* _Raw data_

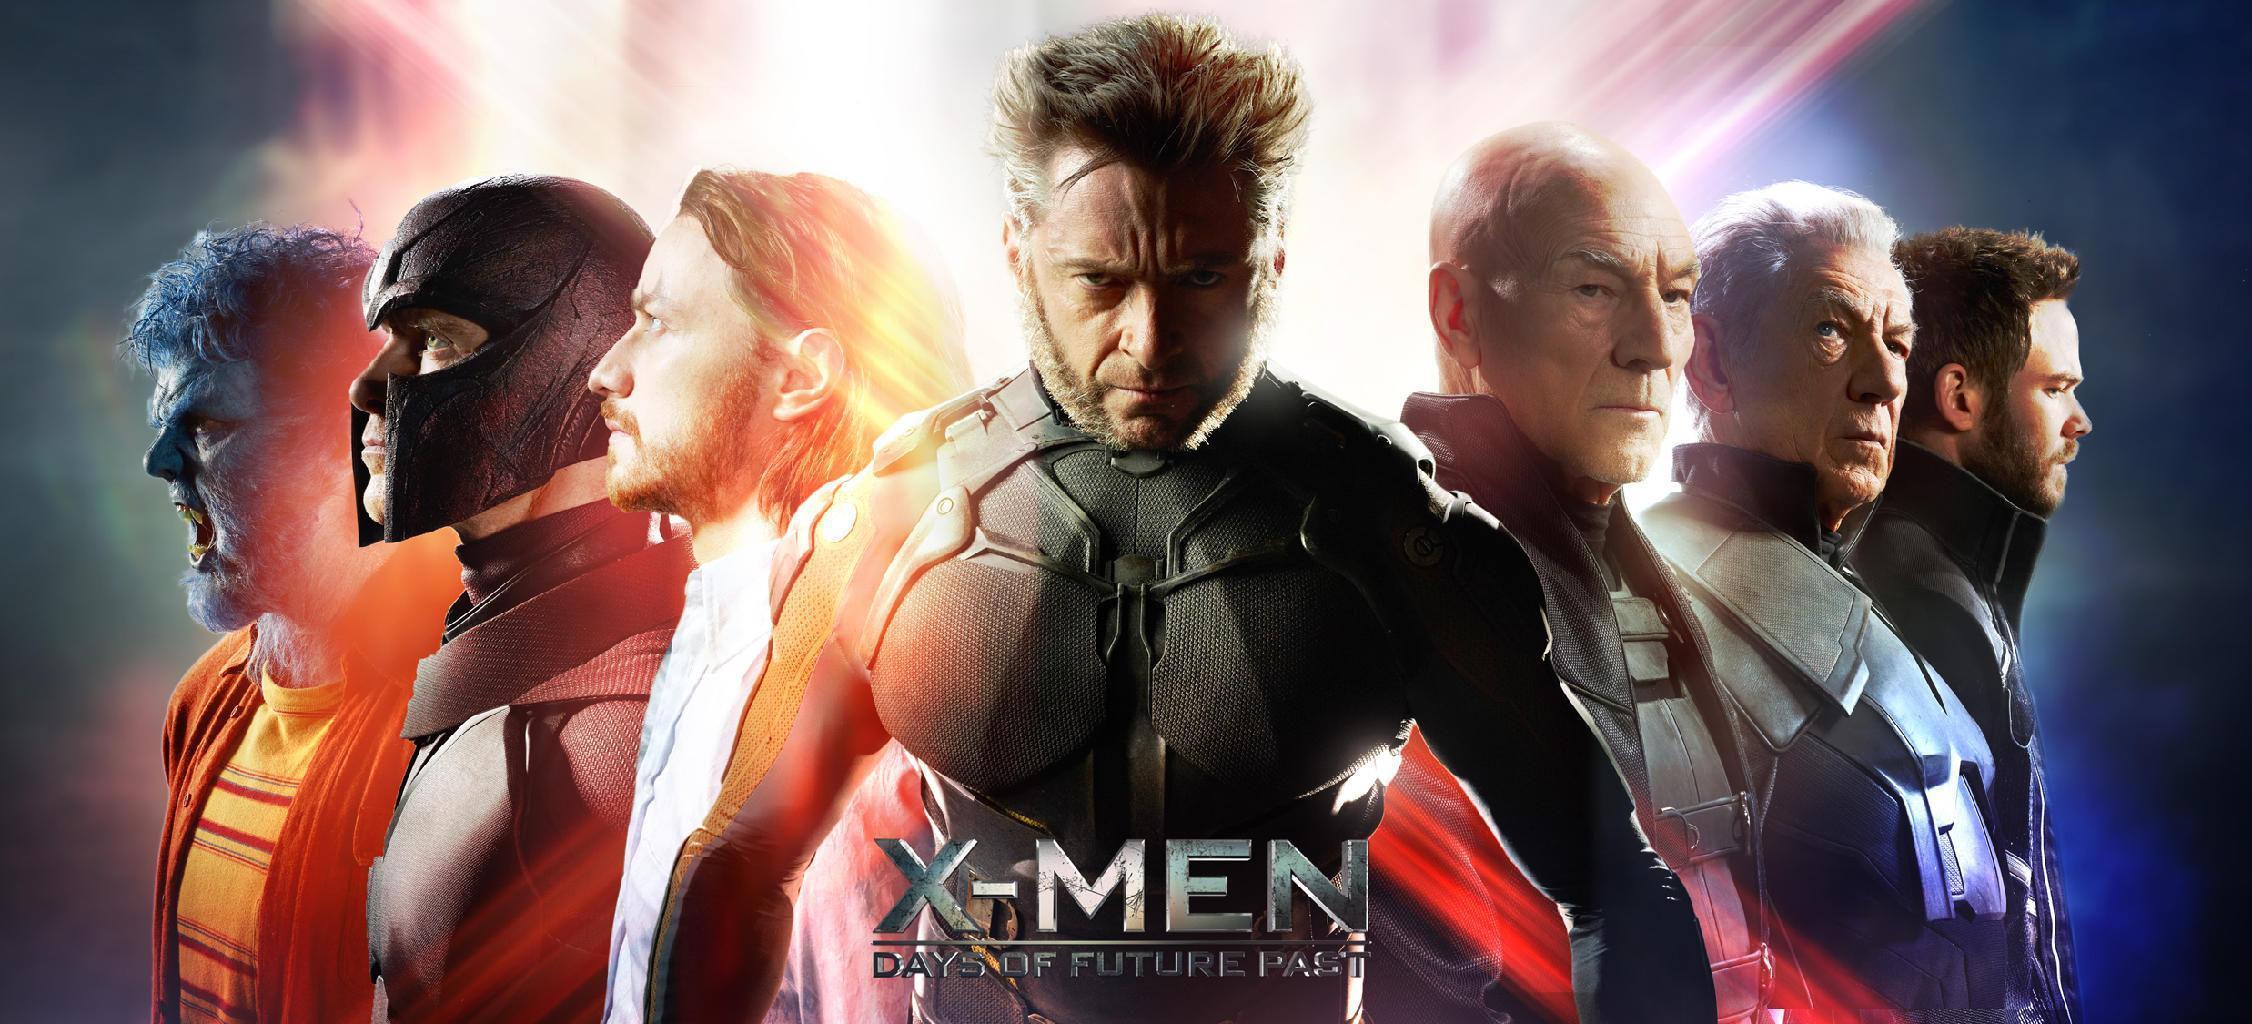 X-Men: Days of Future Past cestovanie časom
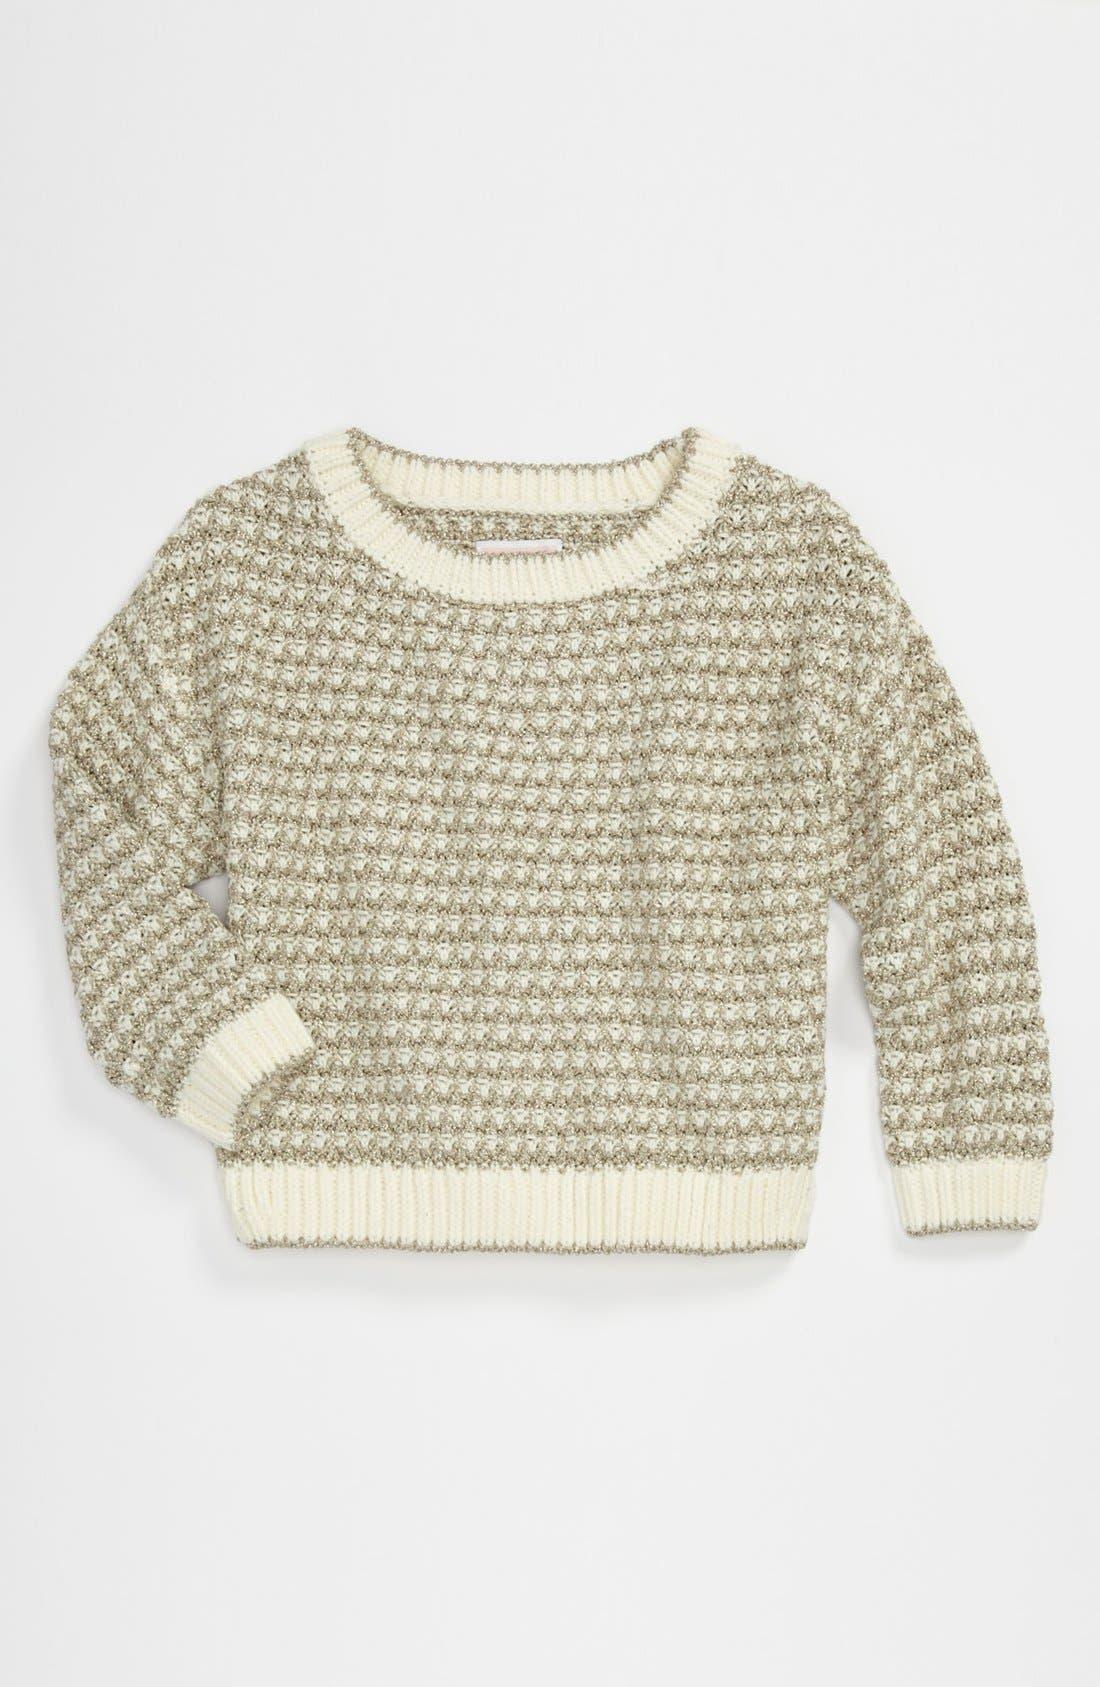 Main Image - Juicy Couture Metallic Sweater (Big Girls)
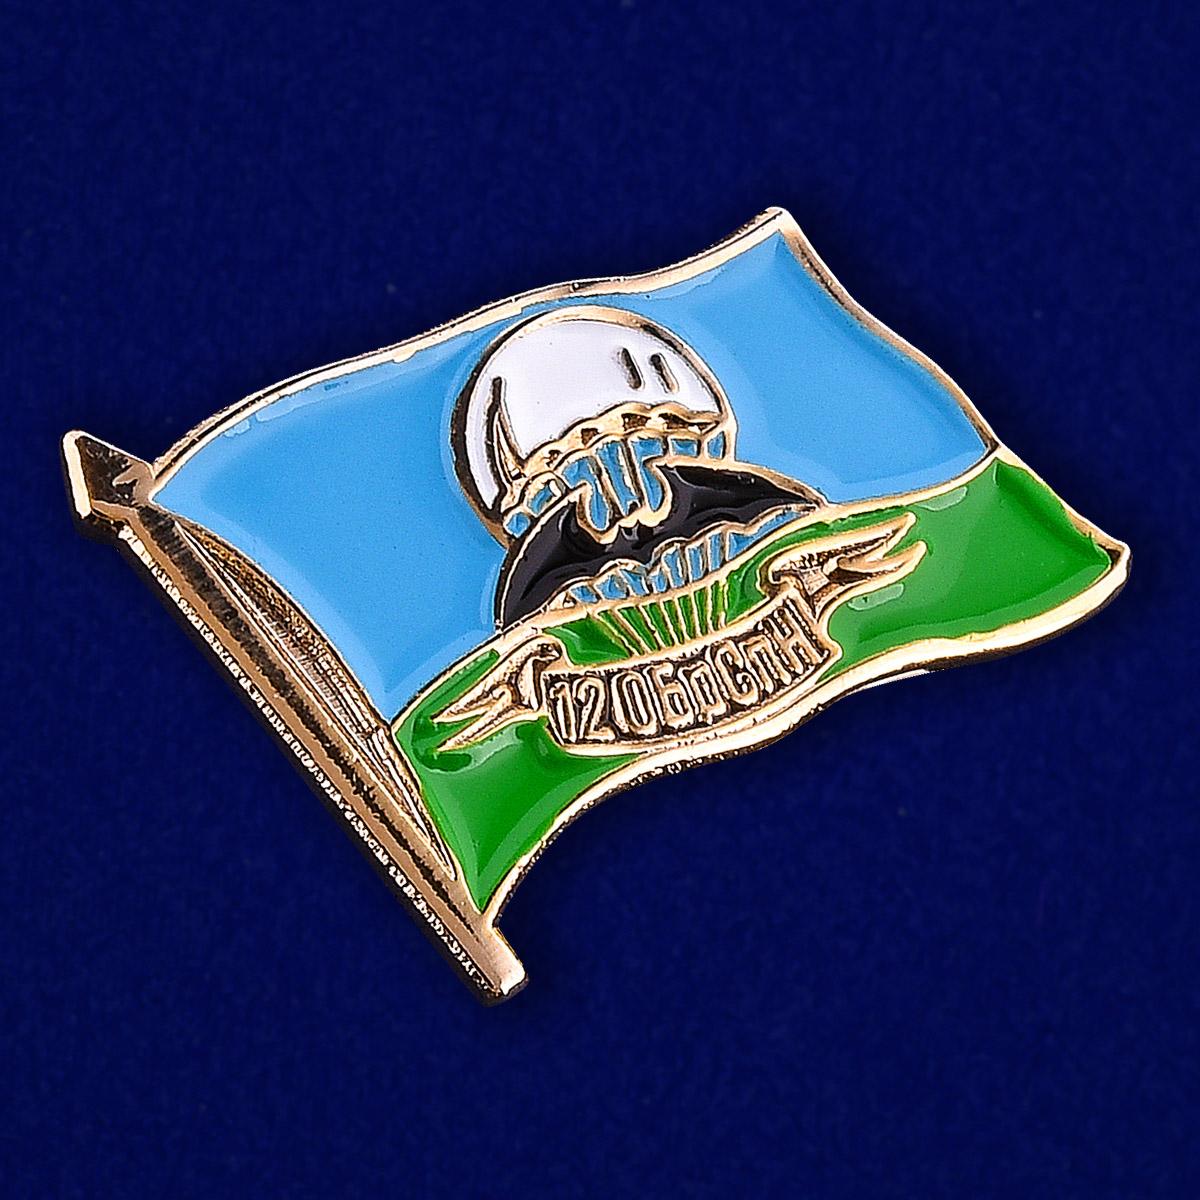 Значок для бойцов 12 бригады спецназа ГРУ
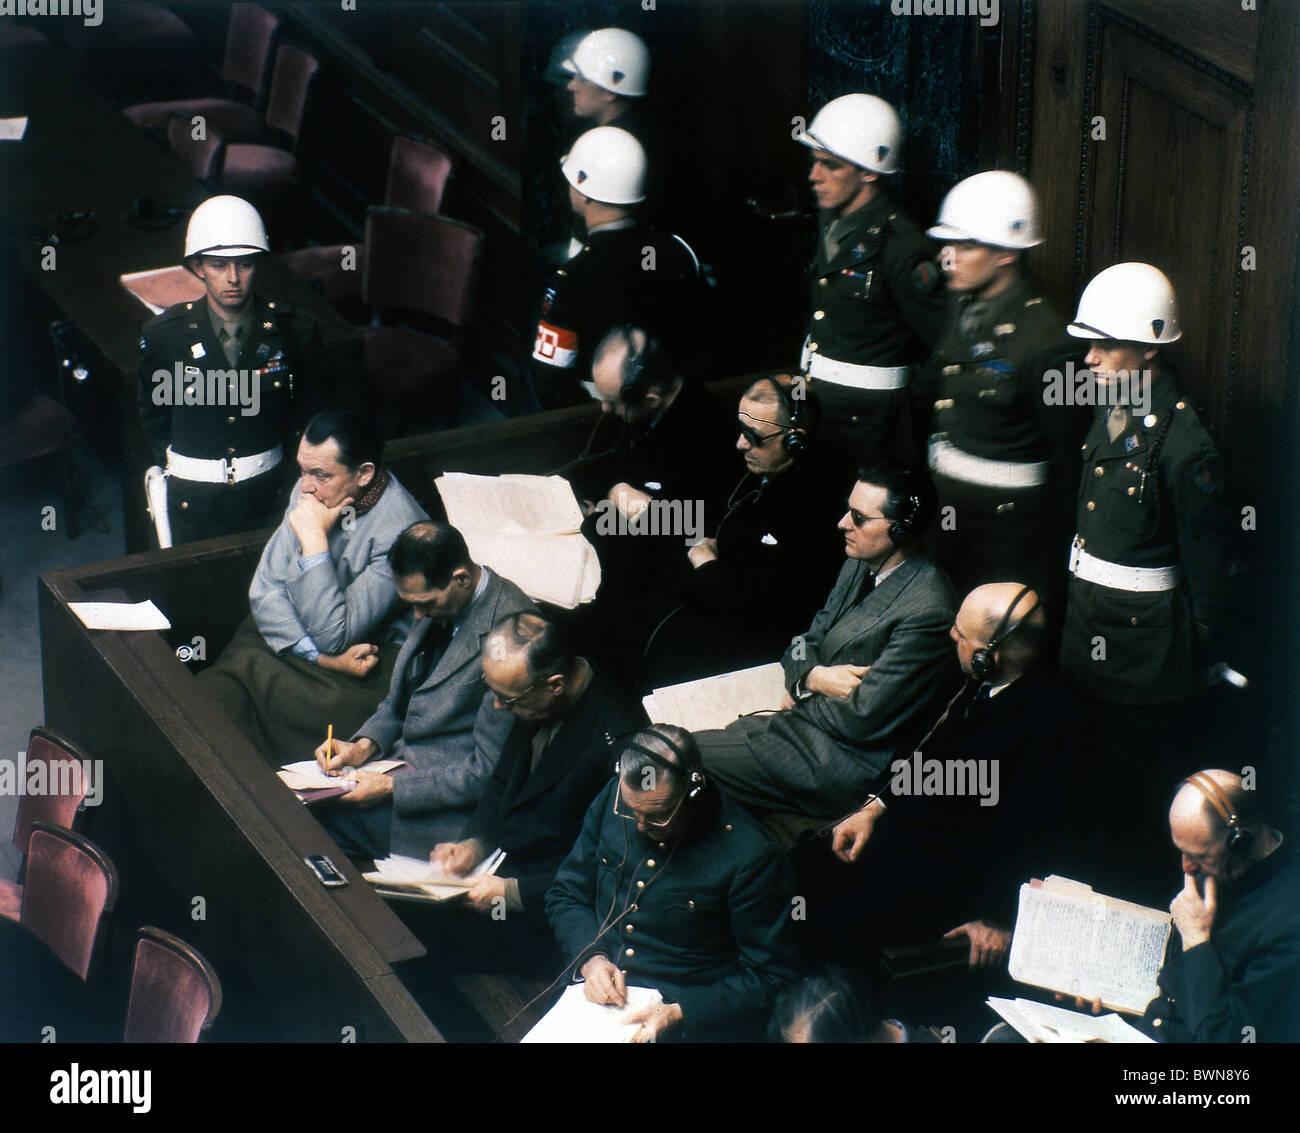 Nuremberg 1946 International Military Tribunal October 1 Court House Room 600 defendants International War Crim - Stock Image
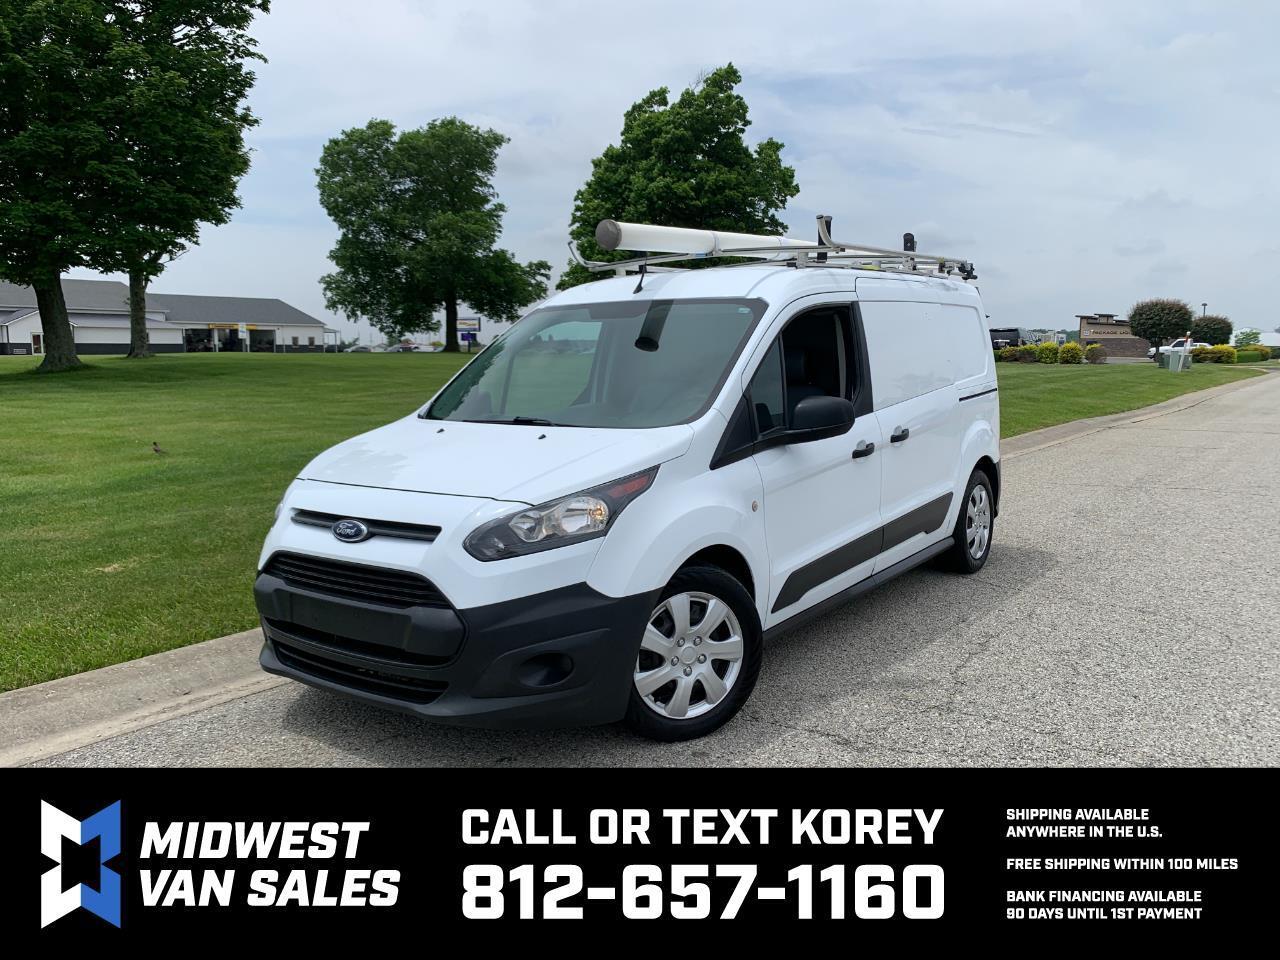 Ford Transit Connect Cargo Van XL LWB w/Rear 180 Degree Door 2017

* _What to produce_
Repeat the exact lines from the first line of the data through the line containing "Nuremberg 1946 International". Nothing else, no pictures.

* _Exercise solution_
 X-Men: Days of Future Past cestovanie časom
 Main Image - Juicy Couture Metallic Sweater (Big Girls)
 Значок для бойцов 12 бригады спецназа ГРУ
 Nuremberg 1946 International Military Tribunal October 1 Court House Room 600 defendants International War Crim - Stock Image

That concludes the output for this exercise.